We write most of our frameworks using Java. But it is quite feasible to use other languages that Mesos has interfaces for (e.g. Go, Python or C++). The first thing that you will want to do is to learn the APIs. The implementation of the scheduler interface is refreshingly simple. There are really only a handful of methods that need to be implemented in order to have a working framework. Up to this point, development is very fast. You will find that you can have a working framework within a day.

Testing your framework

15.10.05_MiniMesos_logo-01However, this is where things start to slow down. The next problem is testing your framework. Mesos is designed in such a way that Master and Agent binaries should be running on their respective nodes. The binaries are written in C++, which means they need to be compiled and packaged for each architecture. If you are not running Ubuntu, simply getting Mesos to start can be incredibly difficult for a new user (*). Docker images make this easier, but this now places the requirement of using Docker in your application. We do this in our minimesos project to make it easier for users to start a Mesos cluster on their machine.
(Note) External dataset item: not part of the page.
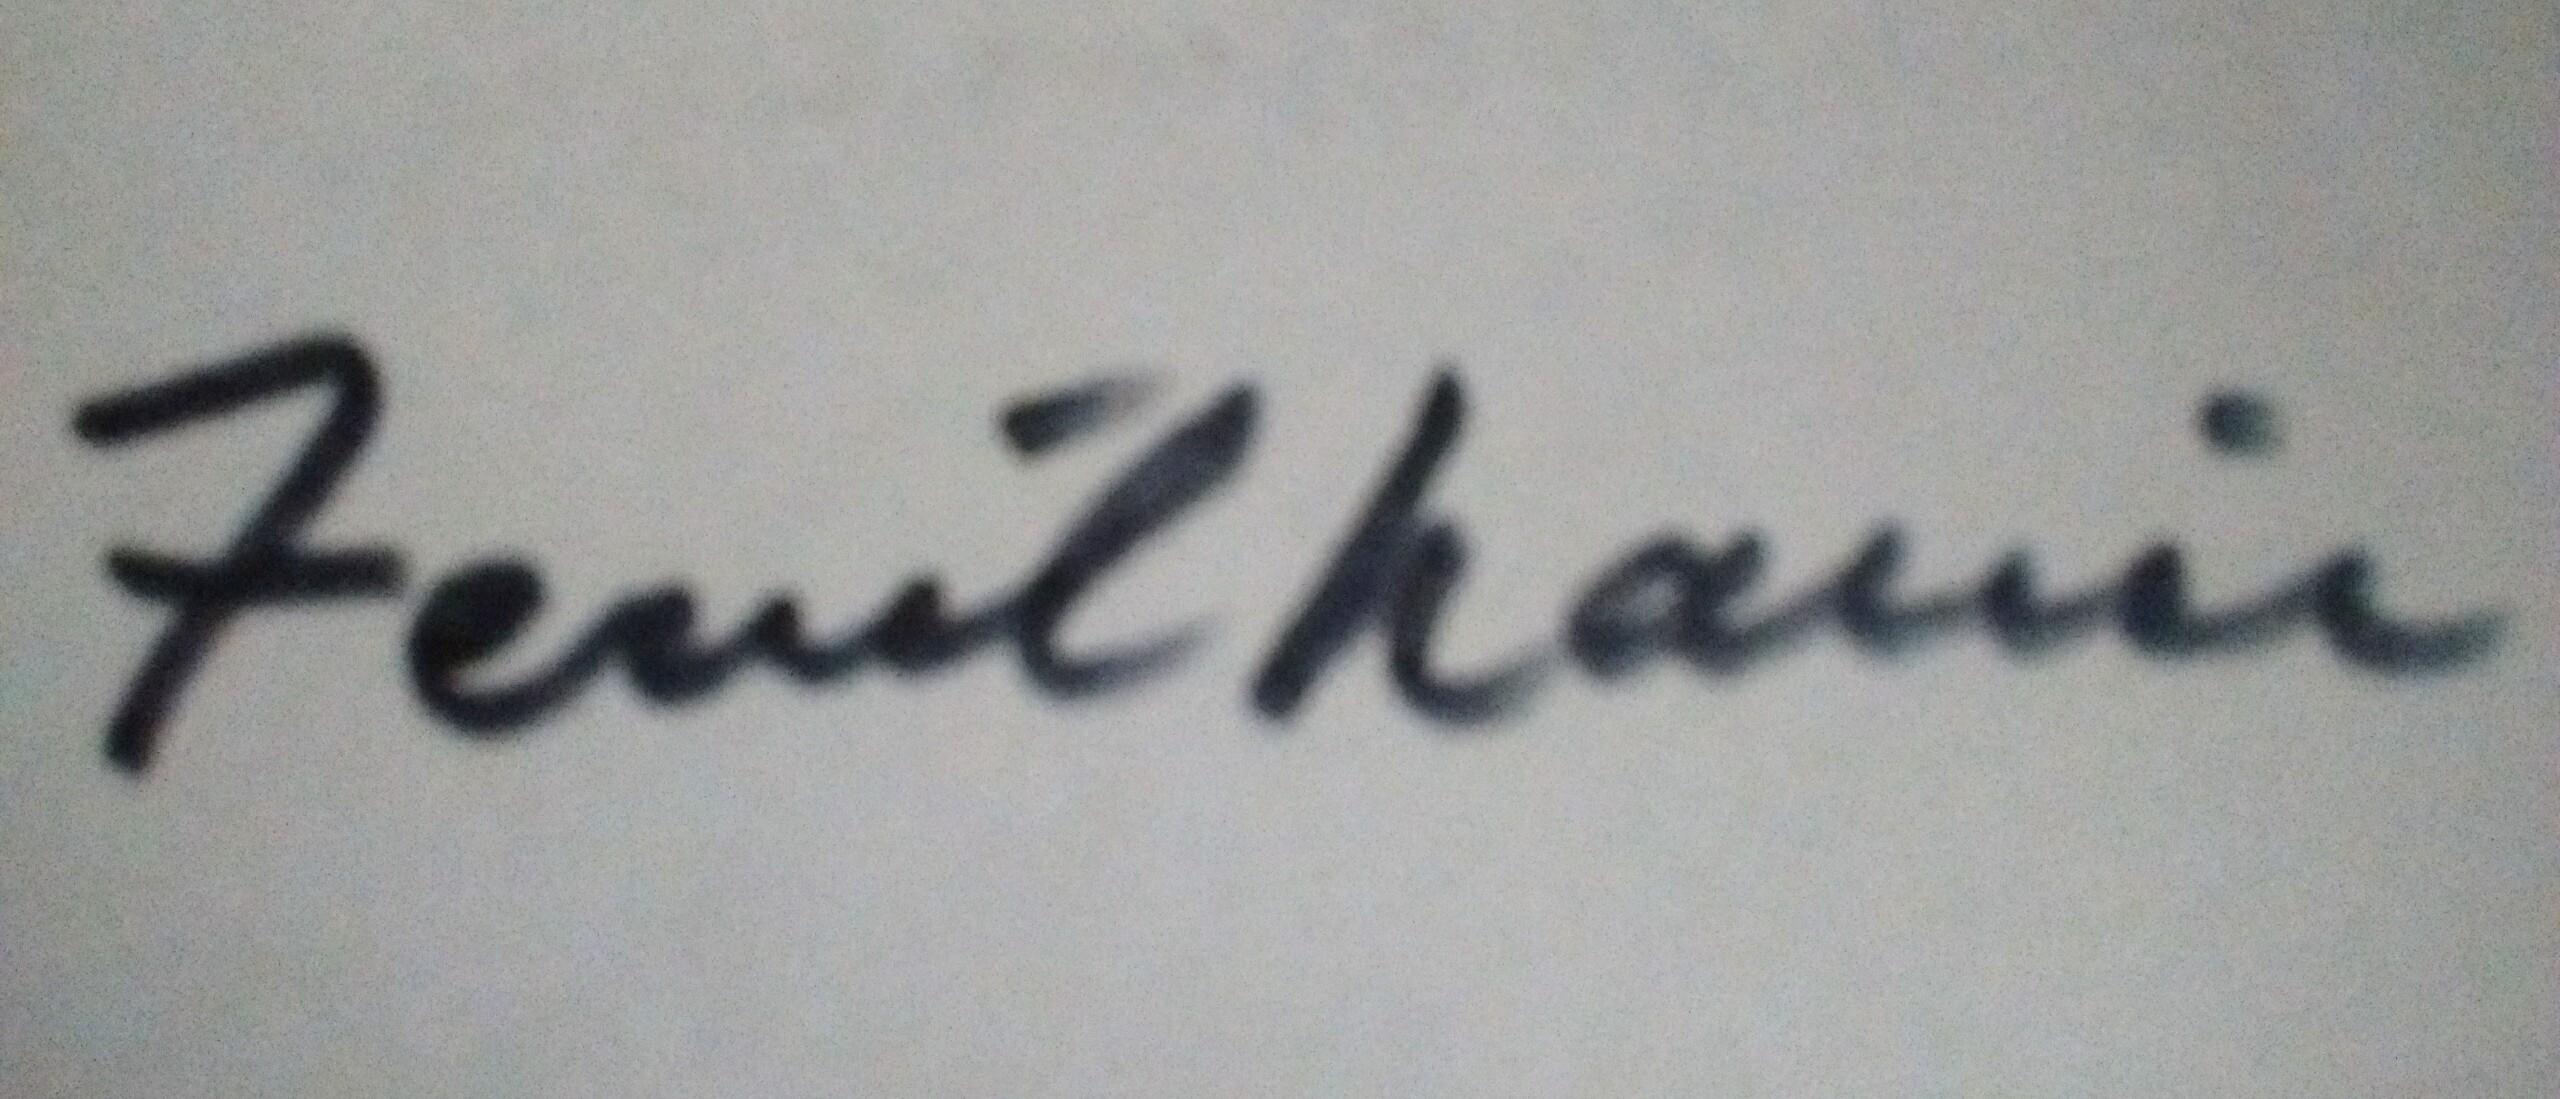 Ferril Nawir's Signature

So we now have a working cluster. Either in Docker or Vagrant or on some real hosts. Depending on what your framework does, your next problem will be with networking. Mesos doesn’t have any network capabilities built in. This is the user’s/developer’s responsibility. At first, it seems like this isn’t a problem, because Mesos has a concept of Framework messages. (*). It is possible (but not advisable, see later) to do all your custom communication through the framework messages. But to do this, you must serialise your data to be compatible with the Protocol Buffer format. Also, to receive any custom data, this automatically means your framework has to implement a custom Executor (the interface that represents the task that runs on the Agents).

Executors are useless

In my opinion, a custom Executor is never required. Except when it is (*). But for the vast majority of projects, using the default implementation of an Executor is more than enough. If you can run your application as a binary or as a Docker image, then you can use the default Executor (*). The recent book by David Greenberg, “Building Applications on Mesos”, echoes my sentiment when introducing the chapter on Executors:

“You probably don’t want to do this”!

By removing the executor you can save yourself approximately 1000-2000 lines of code (Java) and more importantly, decouple your framework from the application that you are trying to run.

A Development Example

Once we have decided we don’t want to use a custom Executor, this means we can’t use the framework messages. So we need to communicate with our application (e.g. health checks) over the application’s standard interface (e.g. REST). Sometimes there are elements within the Protocol Buffer format that can achieve what you want to do (*). For example, there is an element within the TaskInfo (*) to specify a CommandInfo (*) to perform a HealthCheck (*). After looking through the code, it becomes apparent that there are two different health checks depending on whether you are starting a Docker image, or a shell command. Looking at the mesos.proto file which defines the Protocol Buffer interface, it is possible to see that the HealthCheck can accept a HTTP endpoint. After you have compiled (and built the Docker image if using Docker) and test this on your cluster, the first error message you will see is that you haven’t specified a Port. The second time you compile and test you will find a message saying words to the effect of “Sorry, this hasn’t been implemented yet”. If you go back to the code, you will find that the only method implemented is the command method (*). If you repeat this process again, you’ll find that if you are using any version from 0.23-0.25, it will cause a cracking C stack trace.

Time is Money

The previous walkthrough was intended to provide an opinionated demonstration of development with Mesos. It took the example of writing a health check for a task. But it could equally be any number of what most would consider a simple use case.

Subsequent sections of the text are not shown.